2.1. List of Instrumentation and Software

The tools and software, including (1) DJI Phantom 4 Pro drone (resolution: 4096 × 2160), controller, Secure Digital (SD) card, and charged battery pack; (2) MAPIR Survey3N NIR camera and SD card; (3) MAPIR Camera Control (MCC) software(v2019.10.16); (4) iPad (DJI GS Pro app included); (5) WebOpenDroneMap (WebODM); (6) ArcMap; (7) PyCharm; and (8) Canopeo, were used to evaluate the plant density and health within the GSIs. The DJI Phantom 4 Pro drone (resolution: 4096 × 2160) has (effectively) a 20-megapixel camera with a focal length of 8.6 mm, a lens FOV of 84°, a CMOS sensor size of 1 inch, and it captures images at ISO-100 (Dymatize, Tustin, CA, USA) with a shutter speed of 1/320 s [36]. The Survey3N NIR 12 MP camera (MAPIR, San Diego, CA, USA) has a focal length of 8 mm, a 41o FOV, and imagery captured at ISO-400 with a shutter speed of 1/500 s [37]. Survey3N takes pictures every 0.5 s during the flight and saves the photos in RAW image format [37]. Using the MAPIR Camera Control software, the data from the image RAW files and the Global navigation satellite system (GNSS) data stored with the image files are combined. DJI GS Pro app in iPad was used for designing an appropriate flight plan of each studied site. WebODM is an open-source drone mapping software that was implemented to generate orthorectified maps, point clouds, and digital surface models (DSMs) from aerial imagery using image processing libraries including OpenSfM and Primitive Machine Vision System (PMVS) [38,39]. ArcMap was used to view, edit, and analyze geospatial data and maps while PyCharm is an integrated development environment (IDE) which was used in computer programming, specifically for the Python programming language and codes. Python (version 3.9.13) along with libraries (e.g., numpy, cv2, pyplot) were used for developing the framework, and alternative code (e.g., Visual Studio Code) can be used based on individual skills, availability, and familiarity.

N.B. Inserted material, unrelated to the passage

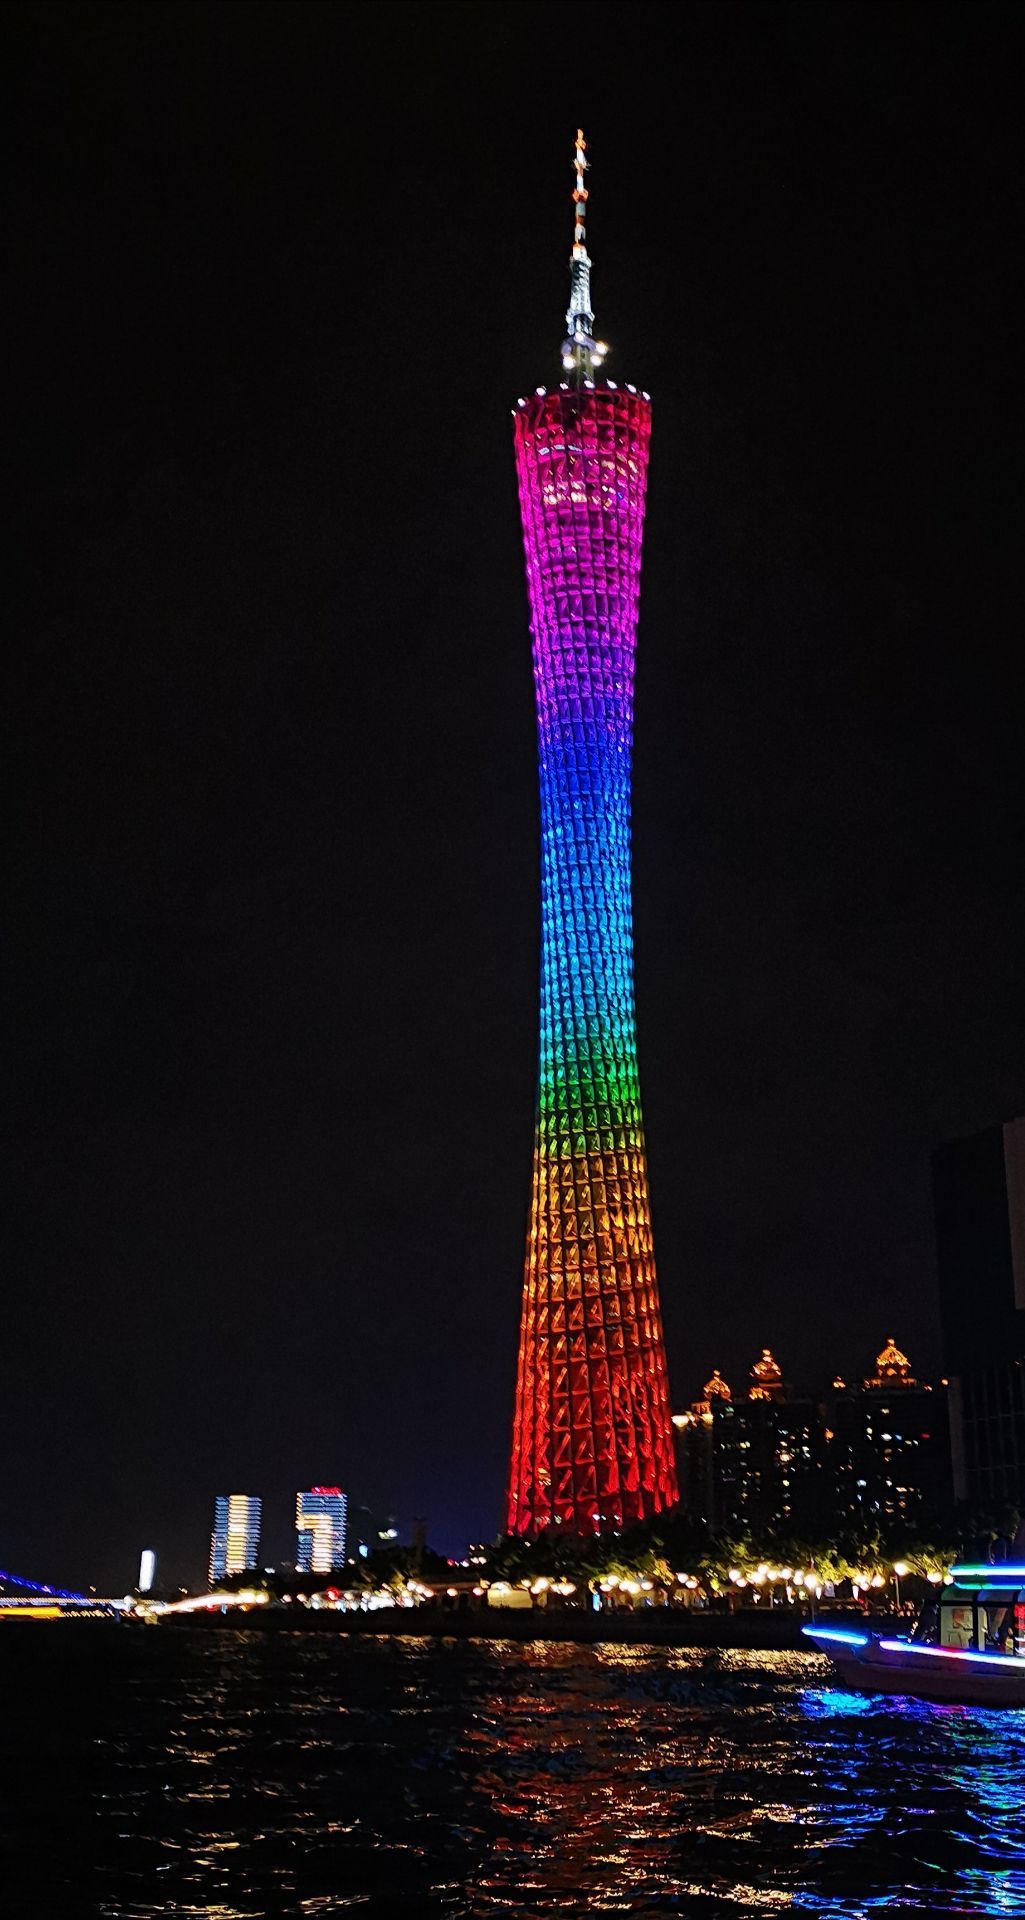 值得一去,夜晚的广州塔更加漂亮! 2020
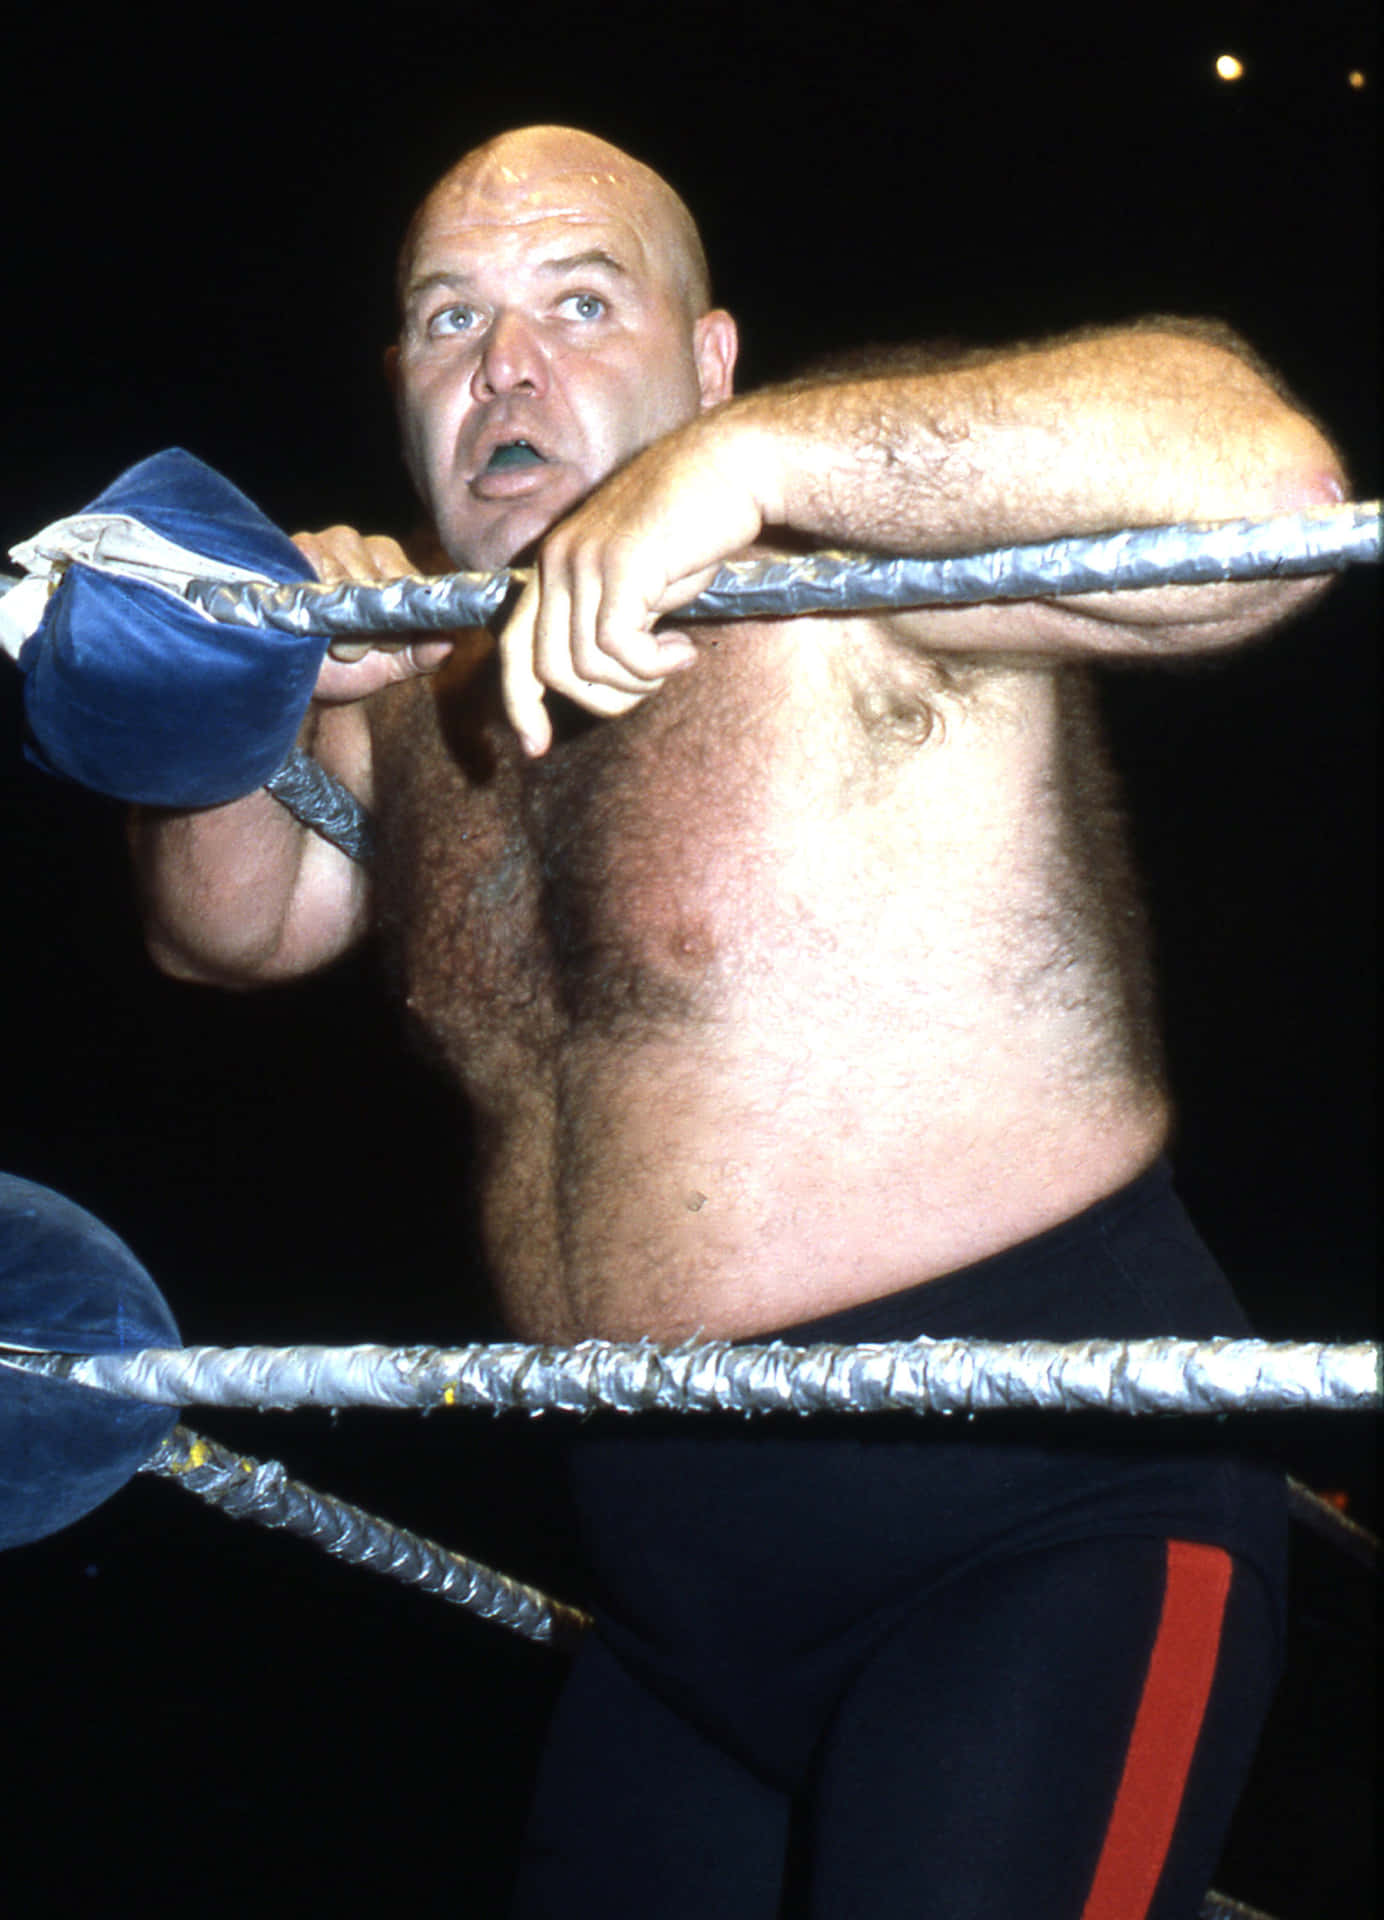 Leggendariolottatore George Steele Appoggiato Sul Ring Di Wrestling. Sfondo

2.2. Plant Density and Health Identification Framework

Figure 1 depicts a schematic diagram outlining the workflow for estimating plant density and evaluating the plant health. There were three major steps involved in plant density and health evaluation using the instrumentation and software outlined in Section 2.1. The first step entailed installing a MAPIR camera into the drone and planning the flight path. The DJI GS Pro app was employed to generate flight paths for the drone to automatically capture UAV-based imagery. During flight planning, various parameters were configured to optimize image quality. The primary parameters included flight height, front and side overlap ratio, flight path parallel to the boundary of bioretention, estimated flight duration, and total image quantity to assign drones to fly along the designated path, autonomously capturing images in sequence. For instance, in the case of bioretention, imagery was acquired at an altitude of 35.05 m (115 feet) and at a speed of 1.83 m per second (4.1 mile per hour) with front and side overlap of 90% and 95%, respectively, following a lawn mower pattern to ensure comprehensive coverage. This high-overlap setting ensured that the near infrared (NIR) camera mounted on the drone captured imagery with sufficient overlap to facilitate accurate data collection and processing. Upon completion of the flight mission, two sets of images were collected: red, green, blue (RGB) and NIR images from DJI-drone-equipped RGB camera and additional mounted MAPIR camera. There were two file formats of raw data in the SD card: (1) RAW format, preserving pixel information and (2) JPG format, containing metadata. Both files were required to process the TIFF output and create NIR images.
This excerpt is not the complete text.